■ Exercise requirements:
Write out the data word for word, taking care that no picture is carried over.

■ Supplied material:

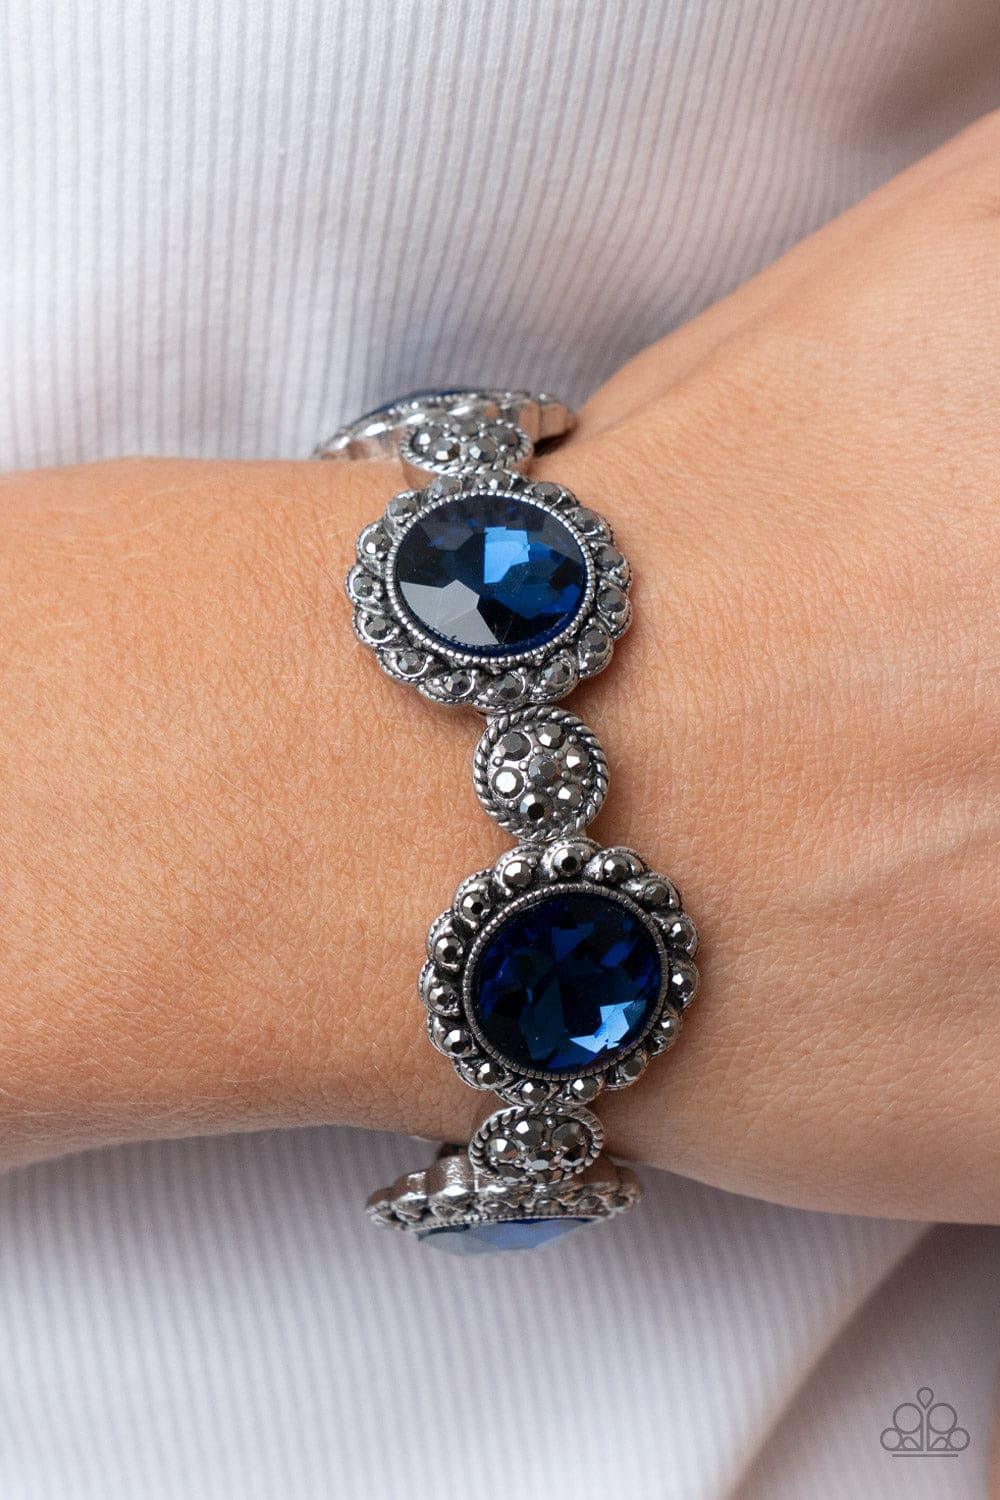 Paparazzi Accessories - Palace Property - Blue Bracelet - Bling by JessieK
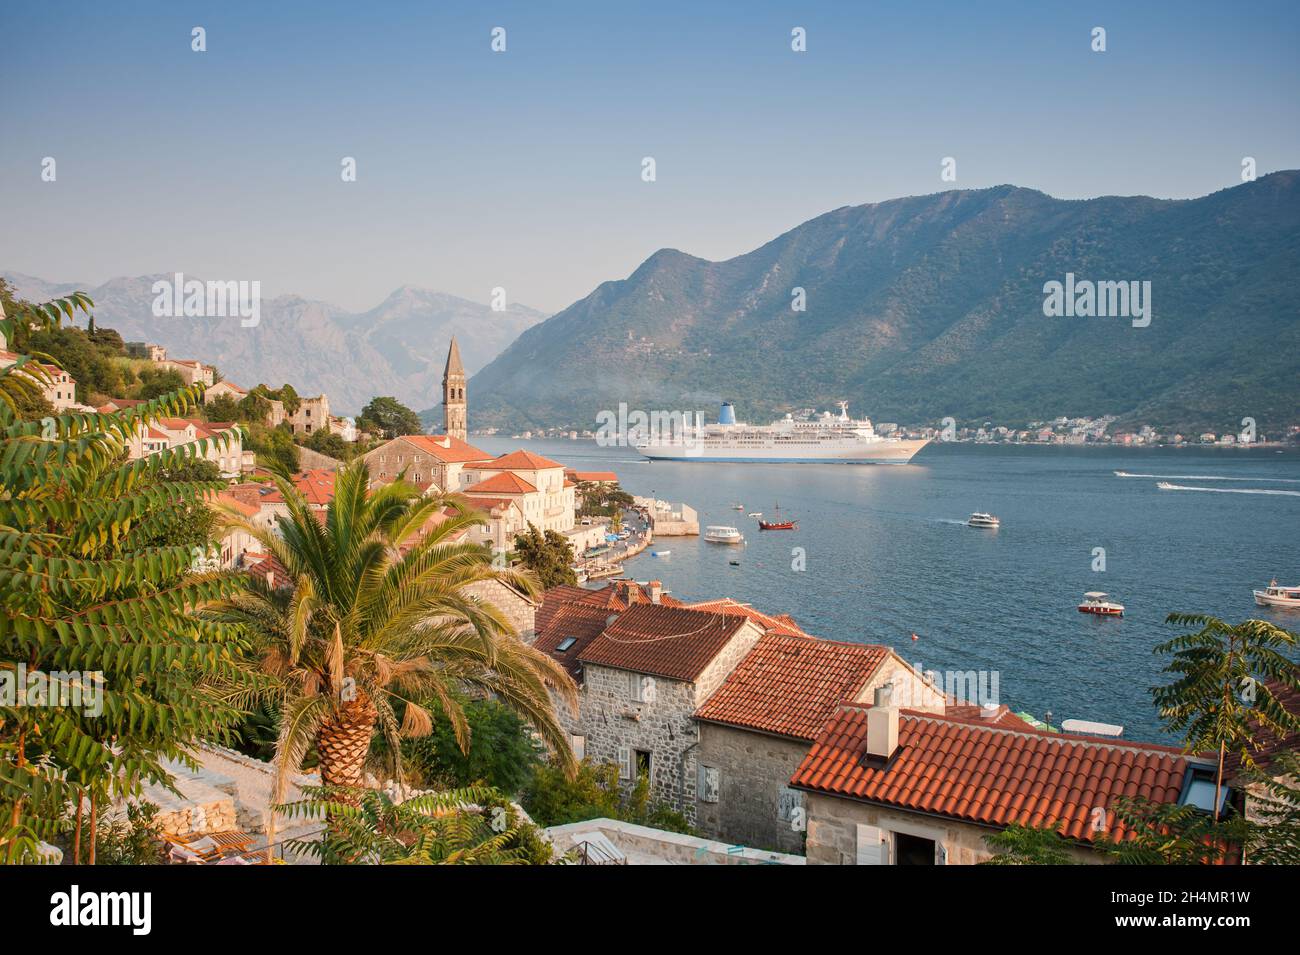 Traditionelle adriatische Landschaft: Alte Architektur, schönes Meer und Berge. Perast, Montenegro Stockfoto
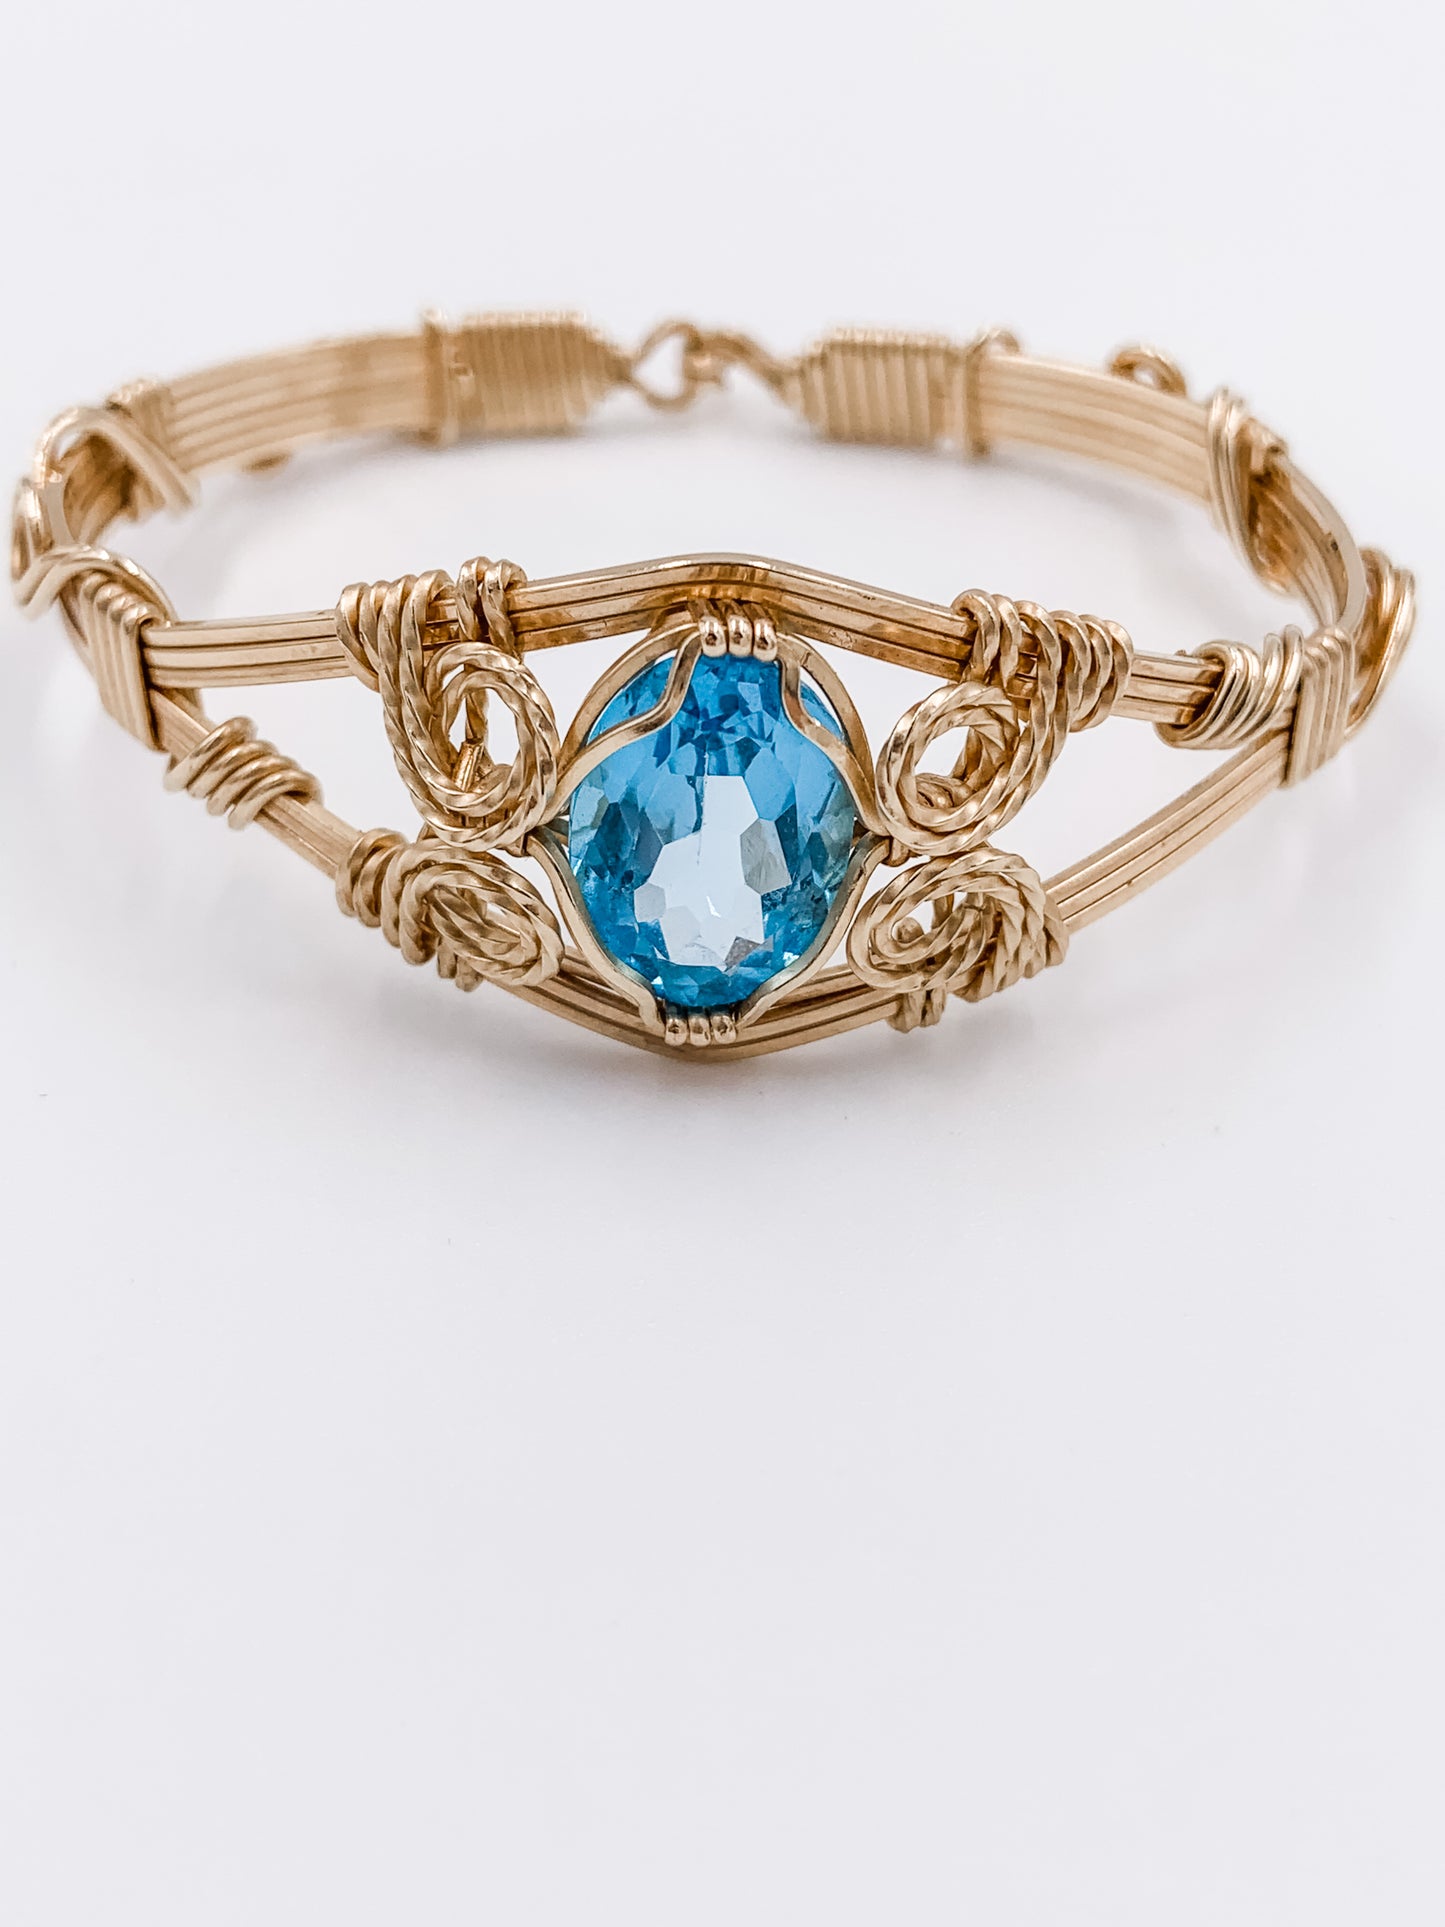 Gemstone Bracelet Blue Topaz 6 Strand

■ Your response:
 Paparazzi Accessories - Palace Property - Blue Bracelet - Bling by JessieK
 Traditionelle adriatische Landschaft: Alte Architektur, schönes Meer und Berge. Perast, Montenegro Stockfoto
 Gemstone Bracelet Blue Topaz 6 Strand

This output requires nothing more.